Dollars and Jens
Wednesday, December 10, 2008
 
Big 3 labor costs
Some of the blogs I read were recently going back and forth on a figure of $73 per hour in compensation for the average Big 3 automaker, which people ultimately agreed was not actually an honest accounting of what it claimed to be measuring, but included benefits for retirees prorated over hours worked by workers. What that back-and-forth never produced was a breakdown of the actual labor costs of the big 3, which this NYTimes column does provide.
Add the two together, and you get the true hourly compensation of Detroit’s unionized work force: roughly $55 an hour. It’s a little more than twice as much as the typical American worker makes, benefits included. The more relevant comparison, though, is probably to Honda’s or Toyota’s (nonunionized) workers. They make in the neighborhood of $45 an hour, and most of the gap stems from their less generous benefits.
I'm always a bit suspicious of pension accounting, and this number should include a measure of pension benefits being earned now by current employees, though it should not include current payments on previously incurred obligations — but the indication is that this column is at least trying to get those numbers right, and includes pension charges in the $55. Including the other $15 or $18 or however much one adds in for current retirees is like taking the interest on debt the company has outstanding and dividing that by hours worked and throwing that on as well; the company's previously incurred debt and current expenses are completely separate. If an automaker were to shrink its operations, that denominator would go down, but the numerator remains fixed; the actual savings would be along the lines of the $55 per hour, and the fixed expenses would simply loom all the larger relative to the ongoing size of the company.

He goes on to indicate that that $10 per hour difference is worth about $800 a car, and writes
[L]abor costs, for all the attention they have been receiving, make up only about 10 percent of the cost of making a vehicle. An extra $800 per vehicle would certainly help Detroit, but the Big Three already often sell their cars for about $2,500 less than equivalent cars from Japanese companies, analysts at the International Motor Vehicle Program say.

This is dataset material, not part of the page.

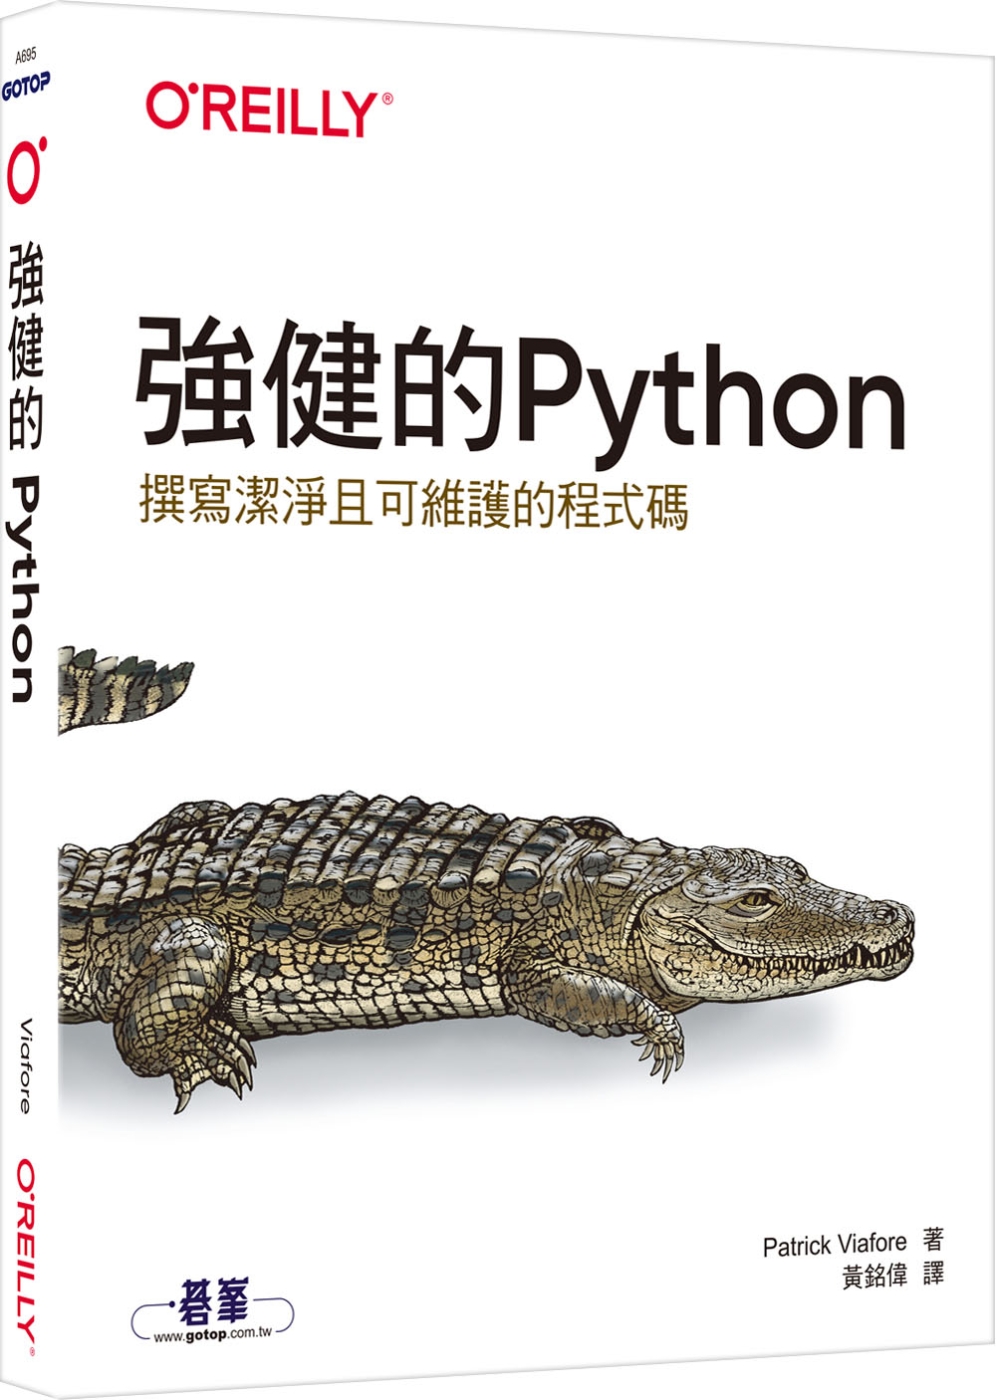 強健的Python|撰寫潔淨且可維護的程式碼

This buttresses his assertion that the Big 3's bigger problem than labor costs is that people don't want to buy their cars. I would note that retirement benefits and debt service are a problem for them of comparable size; if you gave them $2500 per car, they could probably meet these costs.

The statistics are very useful, and it's nice to see them published, but there's a lot of shoddy economic analysis in the article as well, and I want to warn you off of that. (Page 1 has an odd assertion that "[t]he Big Three and the U.A.W. had the bad luck of helping to create the middle class", somehow as though it were required not only that the automakers take on the retirement planning services of their employees, but that they fail to fund them. He refers on page 2 to the cost of "keeping jobs" versus "creating jobs", which should be a red flag that someone doesn't know what he's talking about.) I'd also like to note that, in bankruptcy, other items in the cost structure — notably overly expansive dealership networks — could also be reined in; even without getting people to pay more for their cars, he has me thinking they might be viable if they went through bankruptcy, stripped down the fixed costs, pared the dealership networks, and reduced labor costs to those of their competitors. And, perhaps, if Ford and Chrysler merged and both remaining companies scaled back their operations to the ones that are most profitable. This is one of the biggest impediments the fixed costs create: if you scale back to where you maximize your ongoing profit, it will obviously not be enough to meet old obligations, so the companies stay too large, hoping that a bit of luck will enable them to survive, and exacerbating the losses when it doesn't.